Fissures of lightning love heat had for one, the simple comfort of water on


your neuter body, shaky hands. Whose olive beams

sunblend through globules hanging off of your finger-hairs

and glow, you glow like a village, an experiment in populous color.

And arcology and arcades tumble 'round the bay—bugs bray—

aqueducts spill their sugarwater into saltwater


and grapeleaves trining round a corridor to

a field of crowded green, like the blurred day

before one first wears new glasses. What a scene! Had we all known

our favorite colors you'd have said green of a shower that morning.

Green as a sun sparking off sweet Mary's grass. A clarity in the trees.
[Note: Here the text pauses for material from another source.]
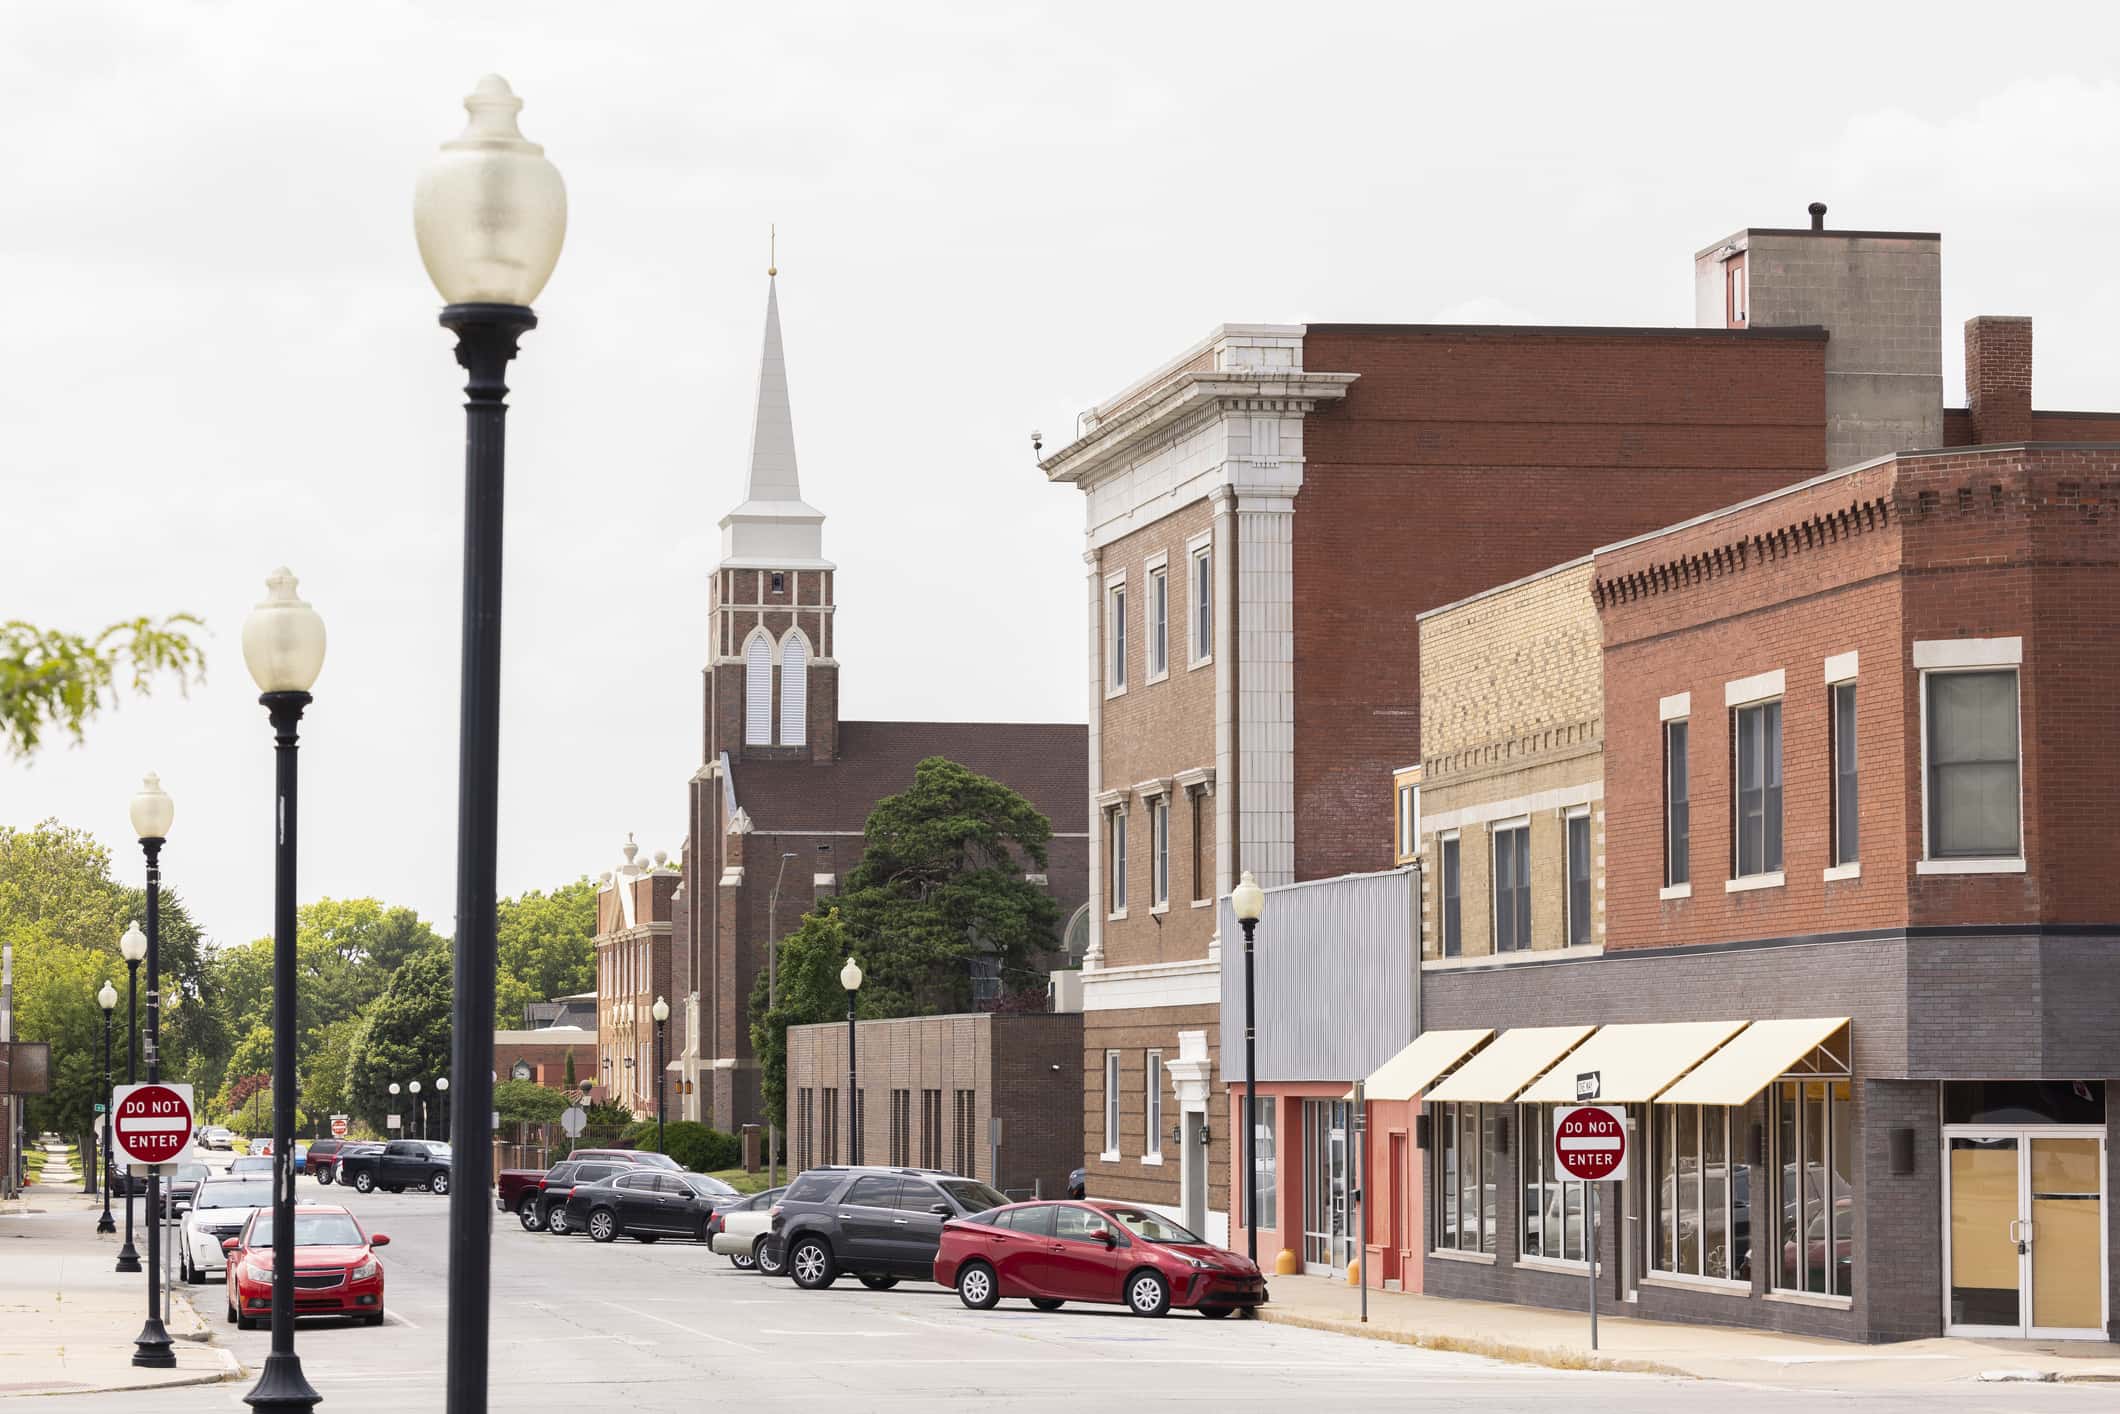 On a cloudy day, the streets of Independence, Missouri, sit quietly among the small town buildings, light poles, and street signs.

And if I hear you coughing then I back away

from the ceramic tub, into the hallway with its faded red rug

and flower-wilting, ornamental as all collected goods and services snug in this kitenest

and looking back through the swung door.

The tiles stained the lightest pink and white stand vagrant


and a puzzle to be solved. So many pale tiles two set horizontal,

two and two and two turned pale. And in mornings these no longer are window-tiles

only stones of the Theater Royal, repurposed. An aled Amalfi coast revolved by

a young Dane—it would have had mountains, horizons,

but here in this company staged for your viewing


every morning of early days, pre-transition, the heat ruins,

the tile of sky-sea, their meeting, that would have clammed between

pillar and castle is instead a field of bright gray. A crouching sailboat,

a shadow of a thumbnail, rests like a fly on the empty space.

There on that dot with you, I'm a fool, cutting my clothes into sails.


So we cut down on love-yous. The sea, in this case,

if not a pause, is to say of us too much. So we need a new vase.

And we leave places, and again till nothing to leave. Then there, then there,

under solar panels I'd sleep. On the deck sacrificial1—a home that be travel—the skiff! so we

can go and take our tangled roots and bodies overseas:


(And be something sweet, huddling in the cold

on the dark seas, at night, when the shower is turned off,

and the disorders ordered and the thoughts are all warm stock.

So when friends send us letters, to a box on the coast

we deftly intercept them, sailing by soapstuff.


And when you die first, tell me where the sun has gone.

Why the light's on the pier when the ceiling/sky's still soft,

where we should have come ashore, when instead we stayed aloft.

In the art, we grip booms, with our pup to-be-a-dog.